Le Premier ministre, Rimtalba Jean Emmanuel OUÉDRAOGO, a procédé ce vendredi 23 janvier 2026 à Ouagadougou à l’inauguration de deux datacenters modulaires destinés au Cloud gouvernemental. Cette mise en service marque une avancée majeure dans la politique nationale de souveraineté numérique, portée par l’ambition de conserver l’ensemble des données publiques sur le territoire national.
Réalisées sous la conduite du ministère de la Transition digitale, ces infrastructures s’inscrivent dans le programme stratégique dit « zéro donnée à l’extérieur », dont l’objectif est de sécuriser, centraliser et rapatrier toutes les données de l’administration actuellement hébergées hors du pays.

Avec une capacité combinée de 3 000 téraoctets de stockage, plus de 105 600 Go de mémoire vive et près de 28 800 cœurs CPU, les deux datacenters permettront d’héberger plus de 7 000 machines virtuelles. Ils offriront ainsi à l’État burkinabè des ressources techniques suffisantes pour accélérer la migration des plateformes publiques vers un environnement souverain et sécurisé.
Au-delà de la performance technologique, ces infrastructures visent des gains concrets : amélioration de la continuité des services publics, meilleure protection des données sensibles et réduction significative des coûts liés à l’hébergement externe. Estimé à plus de 15 milliards de FCFA, le projet devrait générer, selon les projections officielles, une économie comprise entre 85 et 95 milliards de FCFA sur une période de dix ans.

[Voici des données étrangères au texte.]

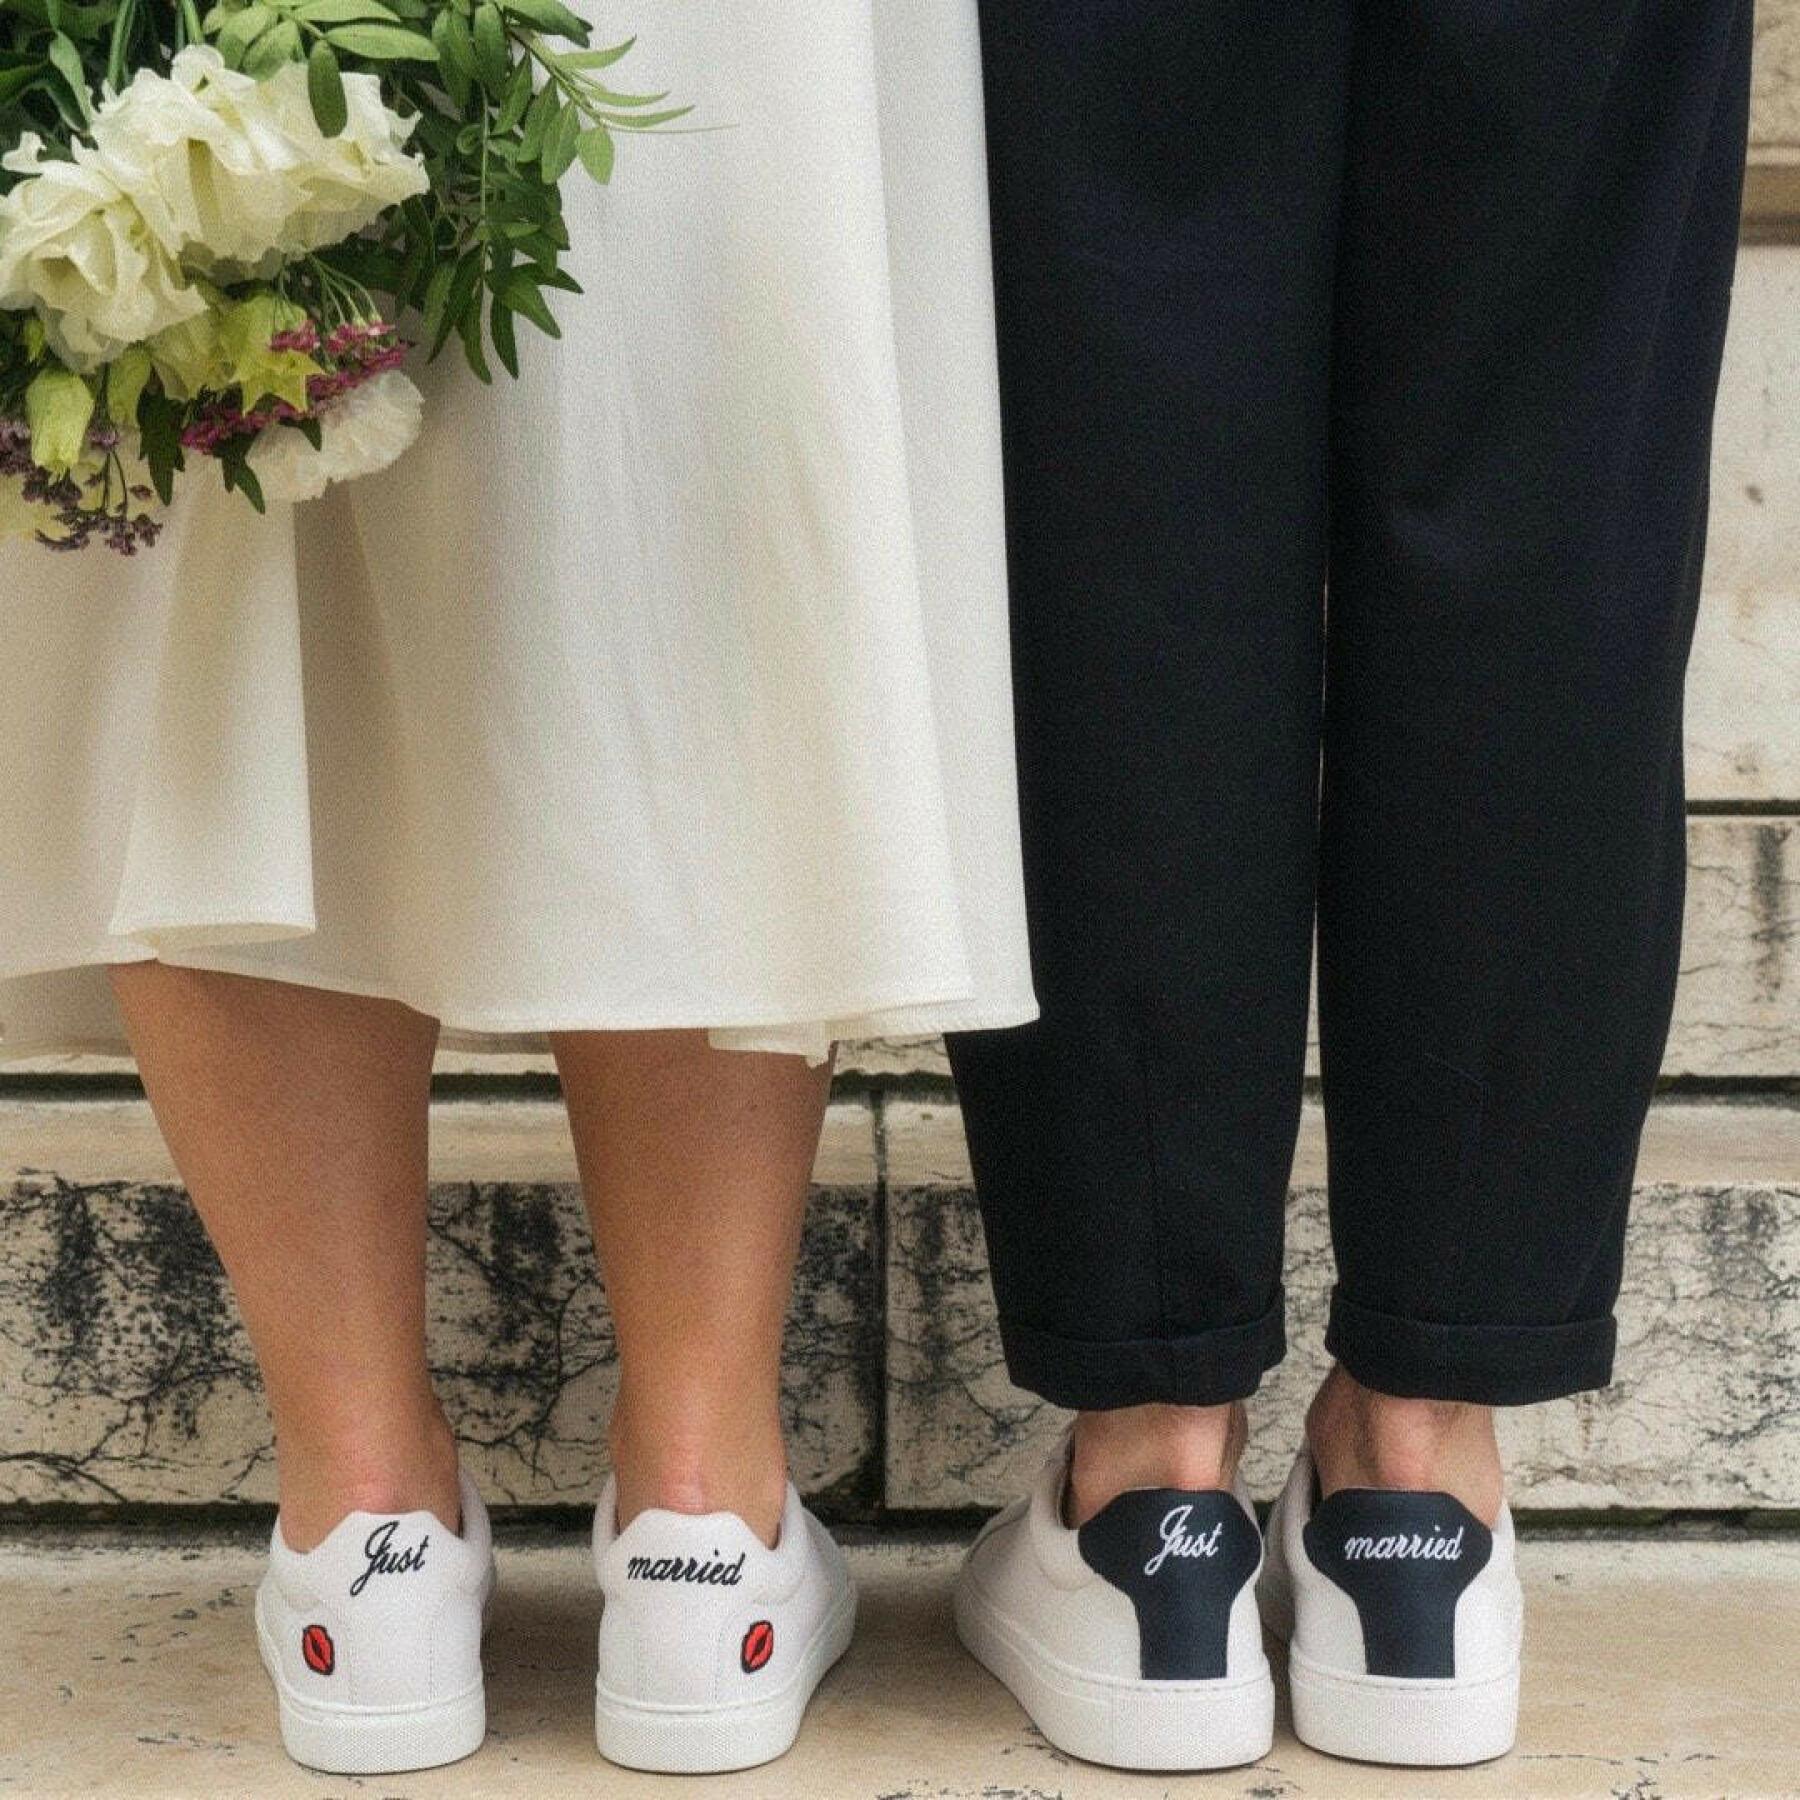 Bergantín Almacén Santuario Zapatillas de deporte para mujeres Bons baisers de Paname Simone-Just  Married - Sneakers - Zapatos

Lors de la cérémonie, le Chef du Gouvernement a salué des installations « à la mesure des ambitions nationales », soulignant leur dimension stratégique. Pour lui, la maîtrise des données constitue un pilier essentiel de la sécurité et de l’indépendance de l’État.
« Confier nos données à des infrastructures situées hors de nos frontières revient à abandonner une part de notre souveraineté. Le Burkina Faso fait aujourd’hui le choix de reprendre le contrôle », a affirmé Rimtalba Jean Emmanuel OUÉDRAOGO.
Le Premier ministre a par ailleurs instruit les administrations publiques à faire de ces datacenters la plateforme de référence pour l’hébergement des services numériques de l’État, tout en accélérant le rapatriement des données actuellement stockées à l’étranger ou dans des centres privés.
Saluant l’engagement du ministère en charge de la Transformation digitale et des équipes techniques, il a annoncé la construction, à l’horizon 2028, d’un nouveau datacenter national répondant aux standards internationaux les plus élevés. Cette future infrastructure sera ouverte non seulement à l’administration, mais aussi au secteur privé, aux ONG et à l’ensemble de l’écosystème numérique.
« En renforçant notre souveraineté numérique, nous renforçons notre souveraineté nationale. La maîtrise de nos données est un choix de liberté, de sécurité et de dignité », a conclu le Chef du Gouvernement.
Avec ces nouveaux datacenters, le Burkina Faso se tourne vers l’autonomie numérique, affirmant sa volonté de bâtir un État moderne, sécurisé et pleinement maître de ses outils technologiques.